The majority of patients, including those that reported no clinical benefit, reported being significantly satisfied by their experience with the administration of injection therapy. Thus, 96% were satisfied or extremely satisfied, despite only a 76% self-perceived benefit. This may reflect the patients’ satisfaction with the attempt to improve the pain, even though the pain was not resolved. Many patients may perceive the benefits, which include improved pain levels, mobility, ability to participate in physical therapy, and QOL measures. However, a limiting factor of injection therapy is its short-term effectiveness.1,20 A Cochrane review reported corticosteroid-containing joint injections to be more effective than a placebo or hyaluronic acid, with respect to pain relief, for up to 3 weeks.1 However, some reports suggest that hyaluronic acid may be better for longer-term pain relief beyond 4 weeks.21 The longer-term benefits of corticosteroids are questionable, and differences in outcomes between injection therapy and conservative management may not be significant.22

This study had both strengths and weaknesses.
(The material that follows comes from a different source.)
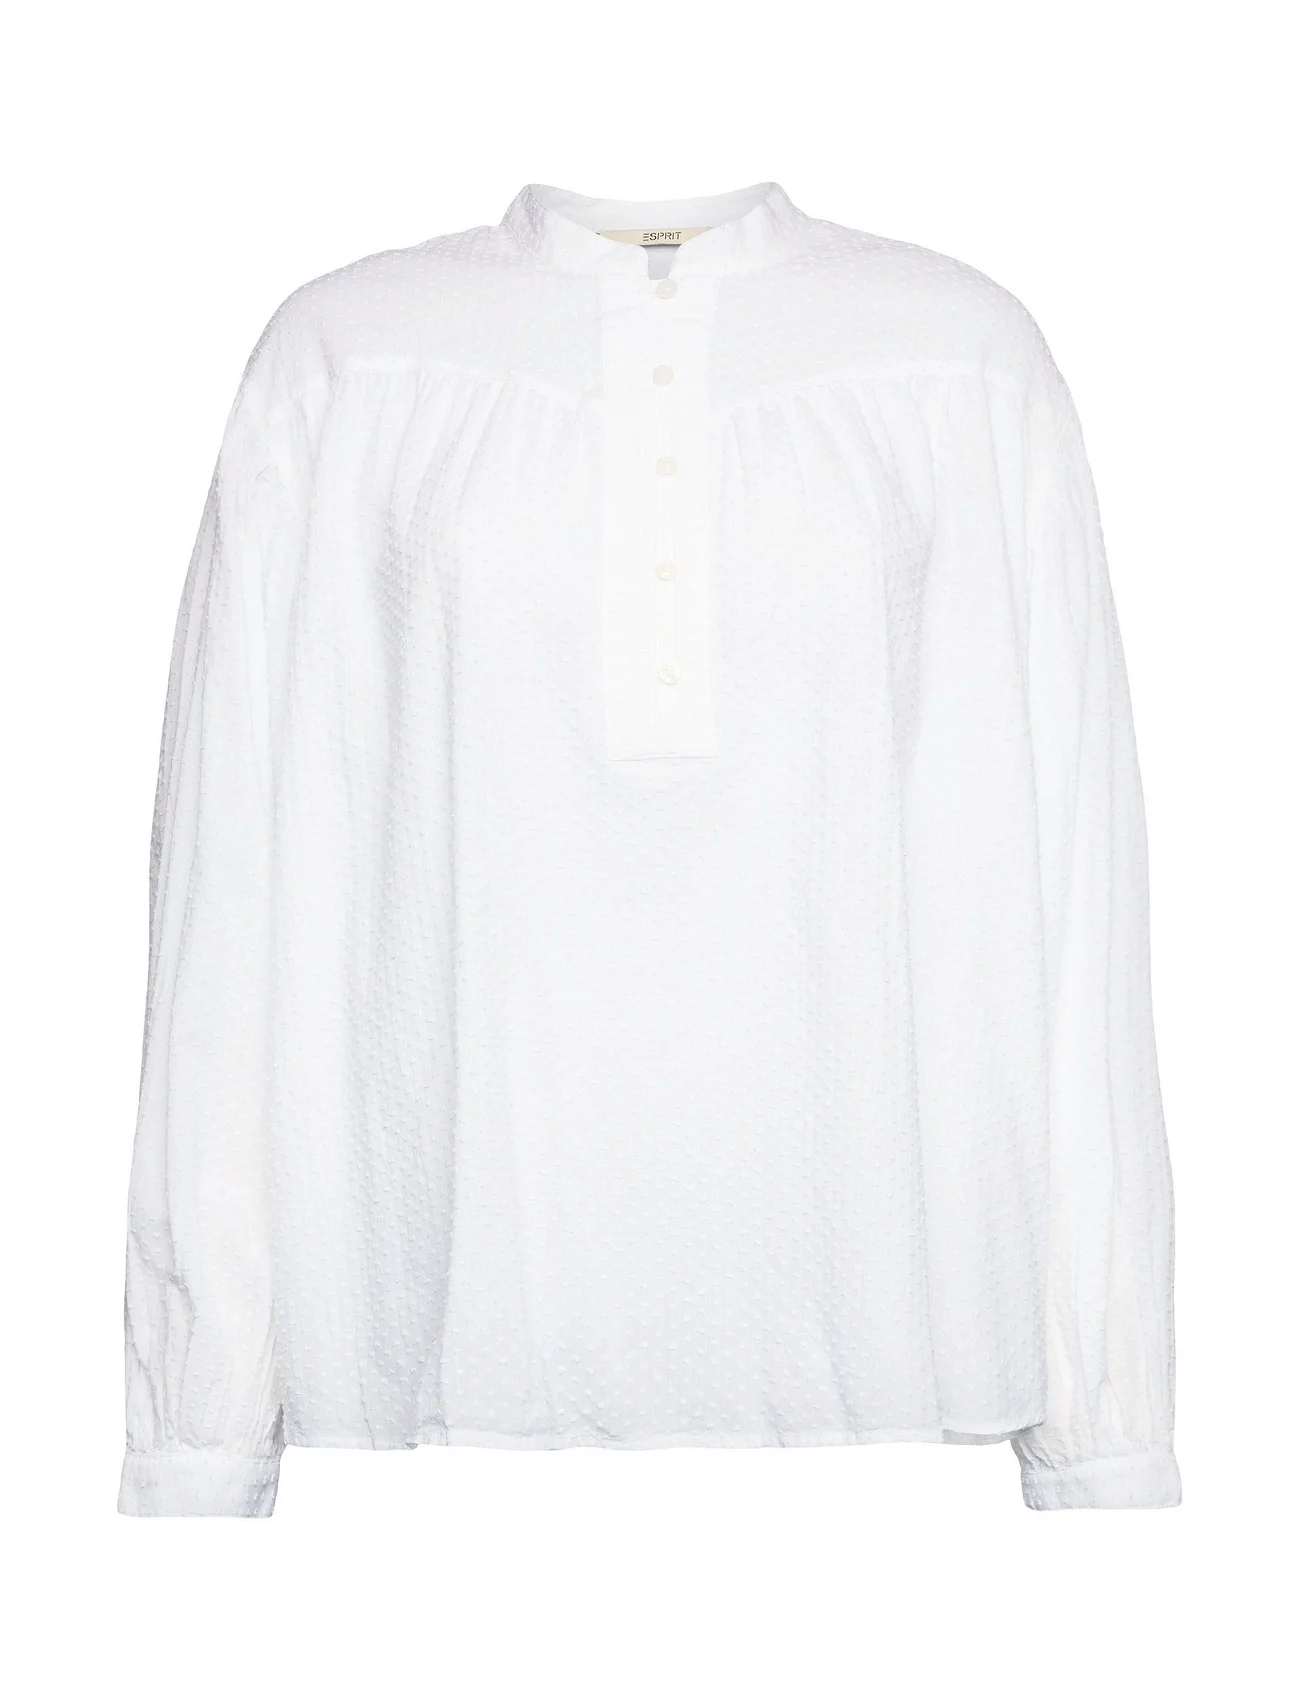 Esprit Casual - Dobby texture blouse - langärmlige blusen - white - 0

First, it relied on a self-report option as opposed to anthropomorphic measurements, which may have led to recall bias or other biases. Additionally, there may be a placebo effect from the injection. In a systematic review of the Cochrane database, it was noted that for rotator cuff disease, subacromial steroid injection had a small benefit over placebo in some trials.23 The QOL questionnaire and self-reported pain are standard measures, which should be reproducible in other offices and clinical settings. The providers who performed these procedures are primary care providers who devote a part of their clinical practice to procedures. Therefore, results should be generalizable to those family medicine physicians and internists who routinely perform procedures in the office; however, the results of physicians performing the procedures less frequently may differ. The population of Olmsted County, and of southeastern Minnesota in general, is largely Northern European, so the results may differ in other populations.

Conclusion

In this study of 1188 patients, we found pain relief and improved physical QOL in patients undergoing a joint injection in the knee, shoulder, or hip. This improvement did not change by age, gender, or injection site. Mental QOL improved overall, but did so specifically in women and those over 60 years of age. Knee injections similarly improved mental QOL. Localized corticosteroid injections can be successfully performed in an outpatient clinic by primary care physicians, and they can improve QOL.